A year ago, I joined a Facebook group for people who agreed to read 110 books during 2011. Then, I did the math and realized that there was no way I could accomplish that goal so I quickly left the group. Still, I decided that I wanted to step up my commitment to reading, so I've spent the last year reading much more than I normally do. Because much of the time I read on the treadmill, I didn't read a lot of heavy books, but I have still managed to complete 54 books this past year--and since I'm in the middle of three other books, there's a chance that I'll add to that list before the year's end.
Some of the books have been forgettable; others keep coming back to me. I had purchased Richard Flanagan's Wanting a long time ago but had never read it. It isn't the type of book that I'm usually drawn to, but I find myself thinking about it occasionally and wishing that one of my friends had also read it. The novel combines several story lines: an aboriginal girl in what is now Tasmania, the British colonizer John Franklin who first takes care of and eventually destroys her, and Charles Dickens who creates a play about Franklin's disastrous trip to the Arctic. It's a meditation on desire and colonization--and the destruction that we can leave in our wake.

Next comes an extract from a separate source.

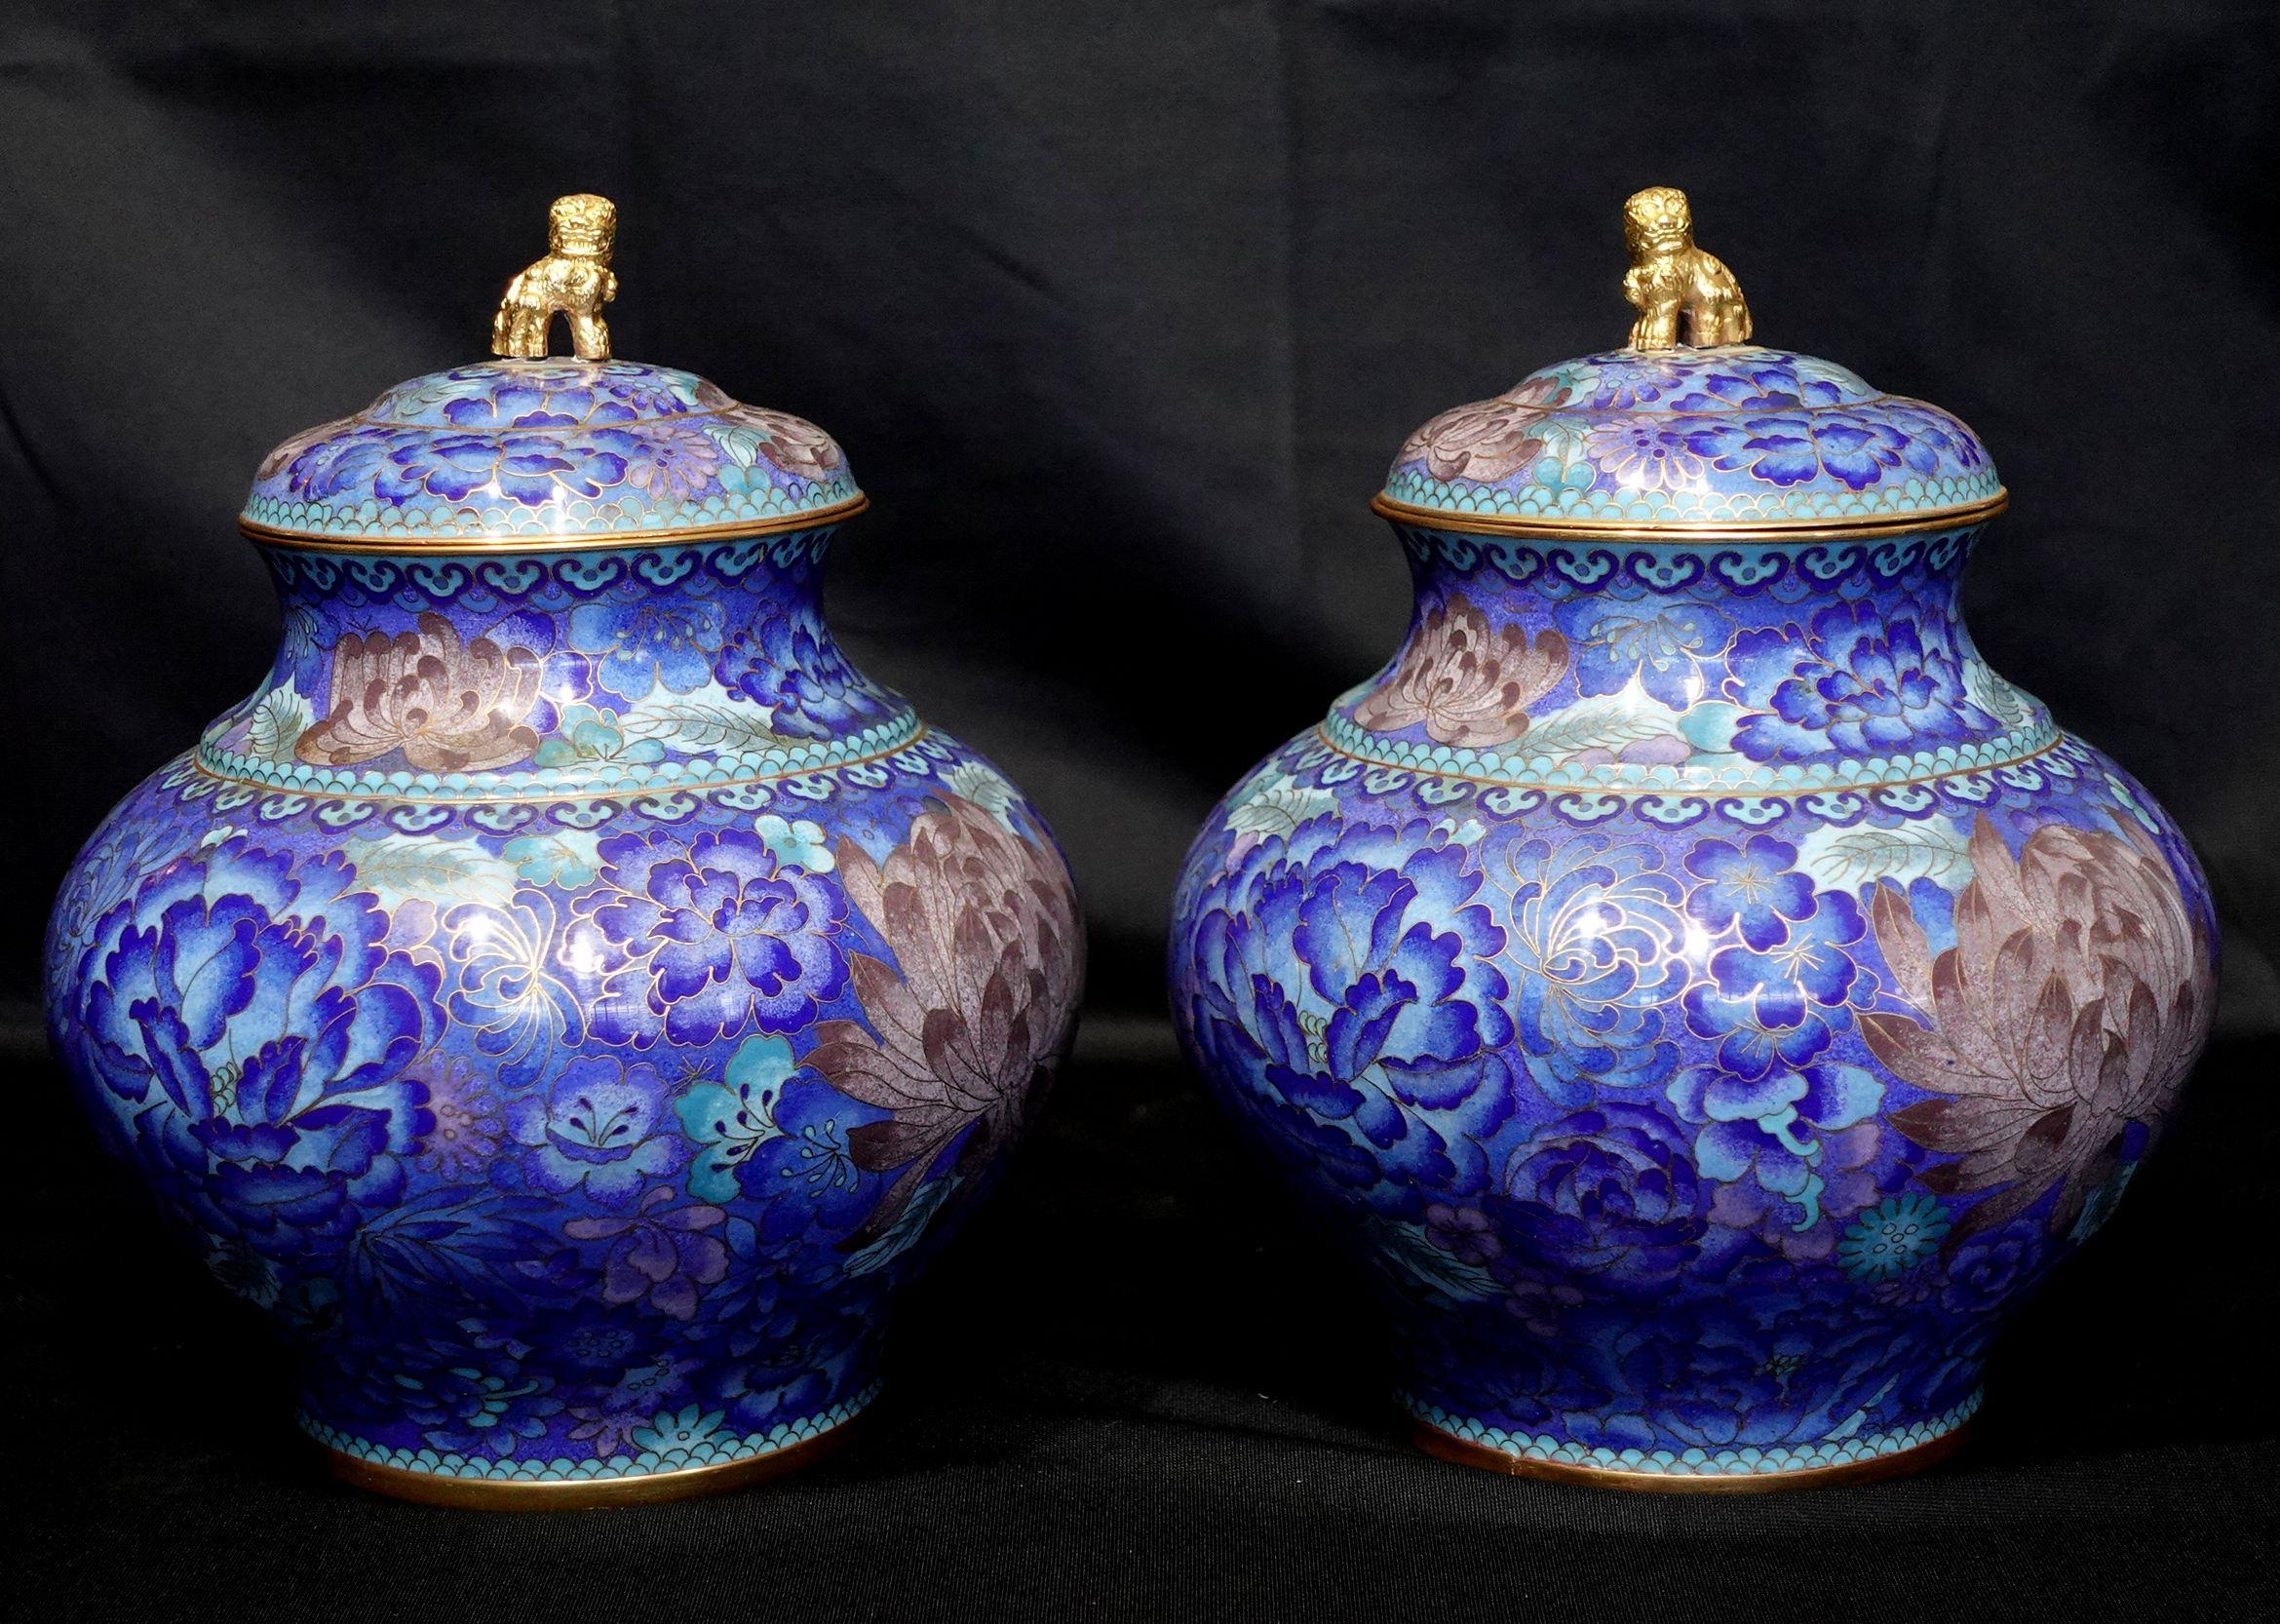 Quality work with amazing details is presented on this pair of Chinese bronze cloisonné enameled Lidded Jars depicting the scene of florals on a blue ground with vivid colors of blue, red-brown, and gold lion finales, very luxurious appearance with

Another book that I've recommended to several people is Annia Ciezadlo's Day of Honey. Ciezadlo and her husband are journalists who spent several years in Iraq and Lebanon after 9/11. While there, she became obsessed with discovering local food traditions and their origins--so her account of being in the midst of the Iraq war includes recipes and stories about food.
I also really enjoyed Henrietta Skloot's The Immortal Life of Henrietta Lacks, the story of the African American woman whose cells, now labeled HeLa, are used in scientific research all over the world. However, her cells were taken without her informed consent and her family didn't even know about let alone benefit from their sale. Not one to read a lot of scientific work, I was still fascinated by this story.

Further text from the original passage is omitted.